Worksheet on a Simulation of a Genetic Algorithm
(from Genetic Algorithms by David Goldberg)
Name ______________
1. First go here for a background on the Genetic Algorithm process.
2. Now go to this site for some Genetic Algorithm vocabulary
3. Study the following genetic algorithm simulation.
(Here's a sample starter program.
Write a program to simulate this process for n generations.
- Print out statistical results such as
max, min, and average values for each generation,
initial and final populations
fitness levels
- demonstrate the effect of changing the probabilities for
crossover and mutation.
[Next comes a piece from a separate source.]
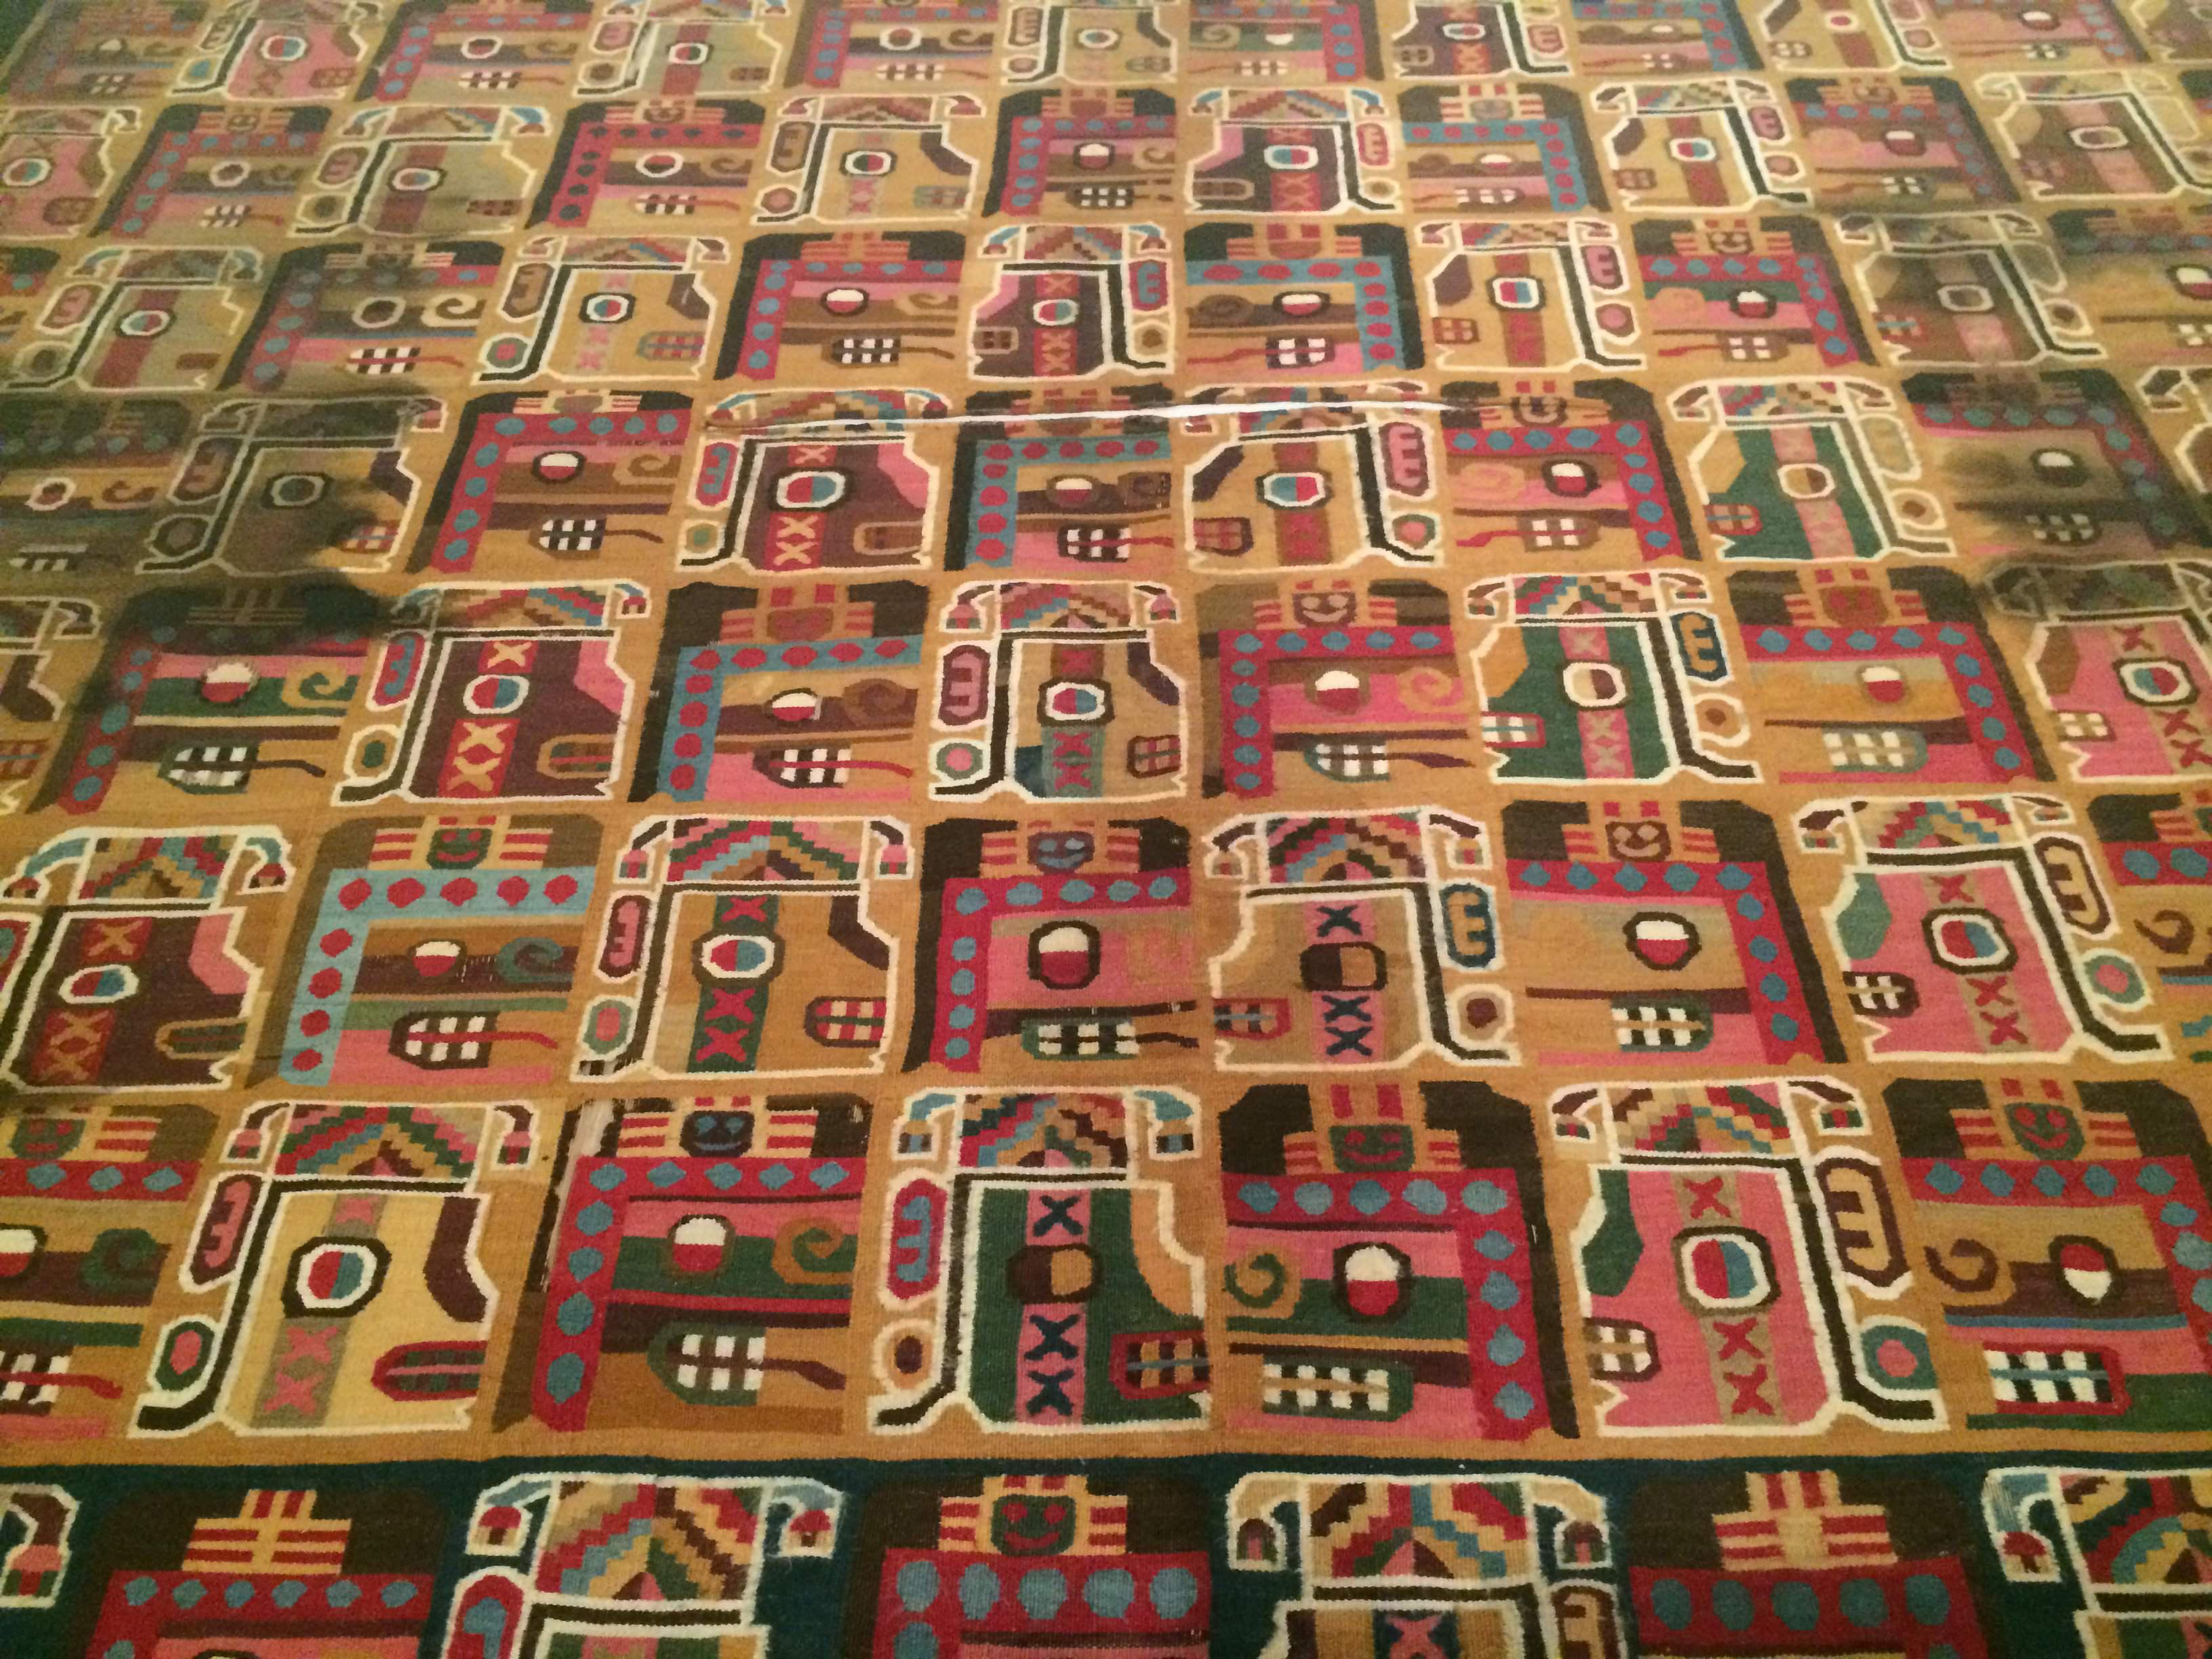 A Wari tapestry panel from Peru. 600-1000 CE, now housed at the Brooklyn Museum.jpg

For example, with no mutations,
p = 0, your program should frequently get "hung up" on
local minimums.
Initial Expected Actual
Population x Value pselect count Count
String (randomly (unsigned f(x) f(i)/sum(f) f(i)/avg(f) (roulette
No. generated) integer) x^2 wheel)
-----------------------------------------------------------------------------
1 0 1 1 0 1 13 169 0.14 0.58 1
2 1 1 0 0 0 24 576 0.49 1.97 2
3 0 1 0 0 0 8 64 0.06 0.22 0
4 1 0 0 1 1 19 361 0.31 1.23 1
-----------------------------------------------------------------------------
Sum 1170 1.00 4.00 4.0
Average 293 0.25 1.00 1.0
Max 576 0.49 1.97 2.0
(NOTE: FOR THIS TABLE THE INDEXES START ON 1)
Mating Pool after Mate Crossover Site
Reproduction (Randomly (Randomly New x f(x)
(Cross site shown) selected) selected) Population Value x^2
-----------------------------------------------------------------------------
0 1 1 0 | 1 2 4 0 1 1 0 0 12 144
1 1 0 0 | 0 1 4 1 1 0 0 1 25 625
1 1 | 0 0 0 4 2 1 1 0 1 1 27 729
1 0 | 0 1 1 3 2 1 0 0 0 0 16 256
-----------------------------------------------------------------------------
Sum 1754
Average 439
Max 729
(Go here for a continuation of this trace.)
Reproduction is the first genetic "operator" used in this simulation.
Crossover is the second genetic operator used.
Mutation is the third genetic operator used here.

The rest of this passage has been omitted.